Q: How can I improve the performance of chitchat classification model?
A: We have released a multicorpus chitchat model on drive link. You can download it and replace your lib's chitchat model with this model to use.
Q: Why doesn't it visualize the figure output using plotting API?
A: Please ensure that the images are displayed, similar to plt.show()
. Our program will automatically capture the image output and visualize it in the frontend.
Q: Why are some of my parameters considered as special parameters?
A: For typing input data using text input boxes, only basic types such as str, int, float, list, etc., are allowed. Anything beyond this, requiring loading from data, is considered special parameters.
We will look for corresponding parameters of the same type in the environment based on special types. This process is automatic. Therefore, please make every effort to ensure the accuracy of parameter types.
Q: Why are some of my parameters considered as type None
?
A: You can adjust the parameter information by modifying parameters type like
def function(param: int) -> float:
"""
docstring placeholder here
"""
function_body here
Q: If I have many candidates for a particular parameter prediction, can it be automatically recognized by the system?
A: We will visualize all candidates of parameters of the same type in the frontend for user selection.
Q: How to use class type API? Do I need to initialize it to use their methods?
A: You can directly request the methods or functions. Our system will automatically check if we have initialized this class instance before. If we have, we will skip the initialization; otherwise, we will proceed with the initialization.
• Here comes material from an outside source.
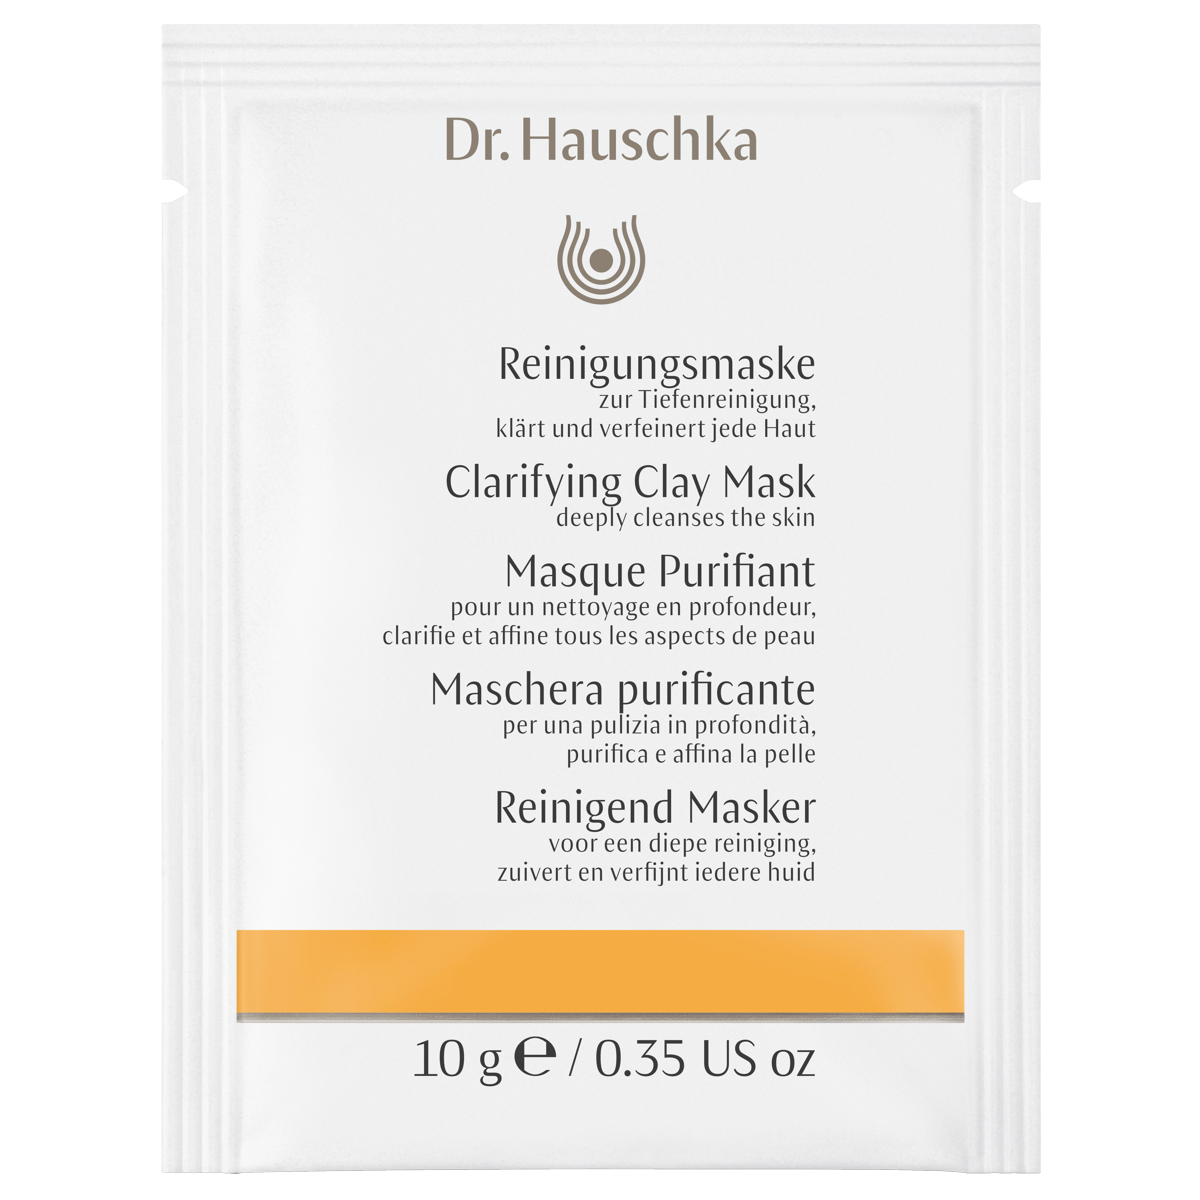 Dr_Hauschka_Reinigungs_Maske_Box_online_kaufen
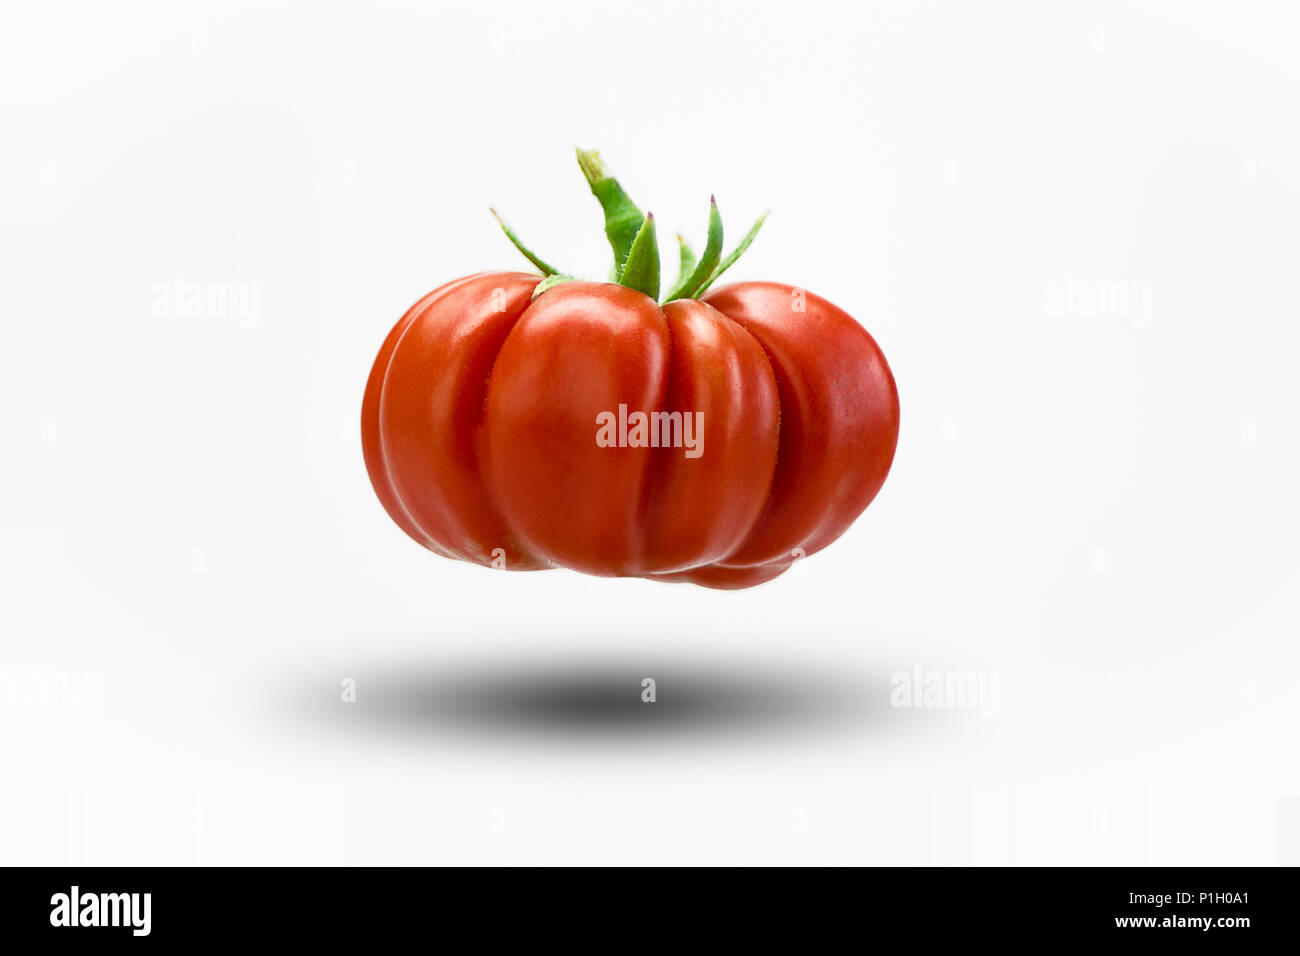 Sicilian organic red tomato Stock Photo

Q: How to input basic parameters like str, int, List?
A: Just type them as how it calls in python programming. You can refer to the ./examples
for example usage.
Q: Why does it only prompt me for certain parameters, and some parameters are not prompted?
A: We currently only support required parameters (without default value), as there are so many optional parameters in some libs. It's recommended to only expose those required parameters which need to be inferred.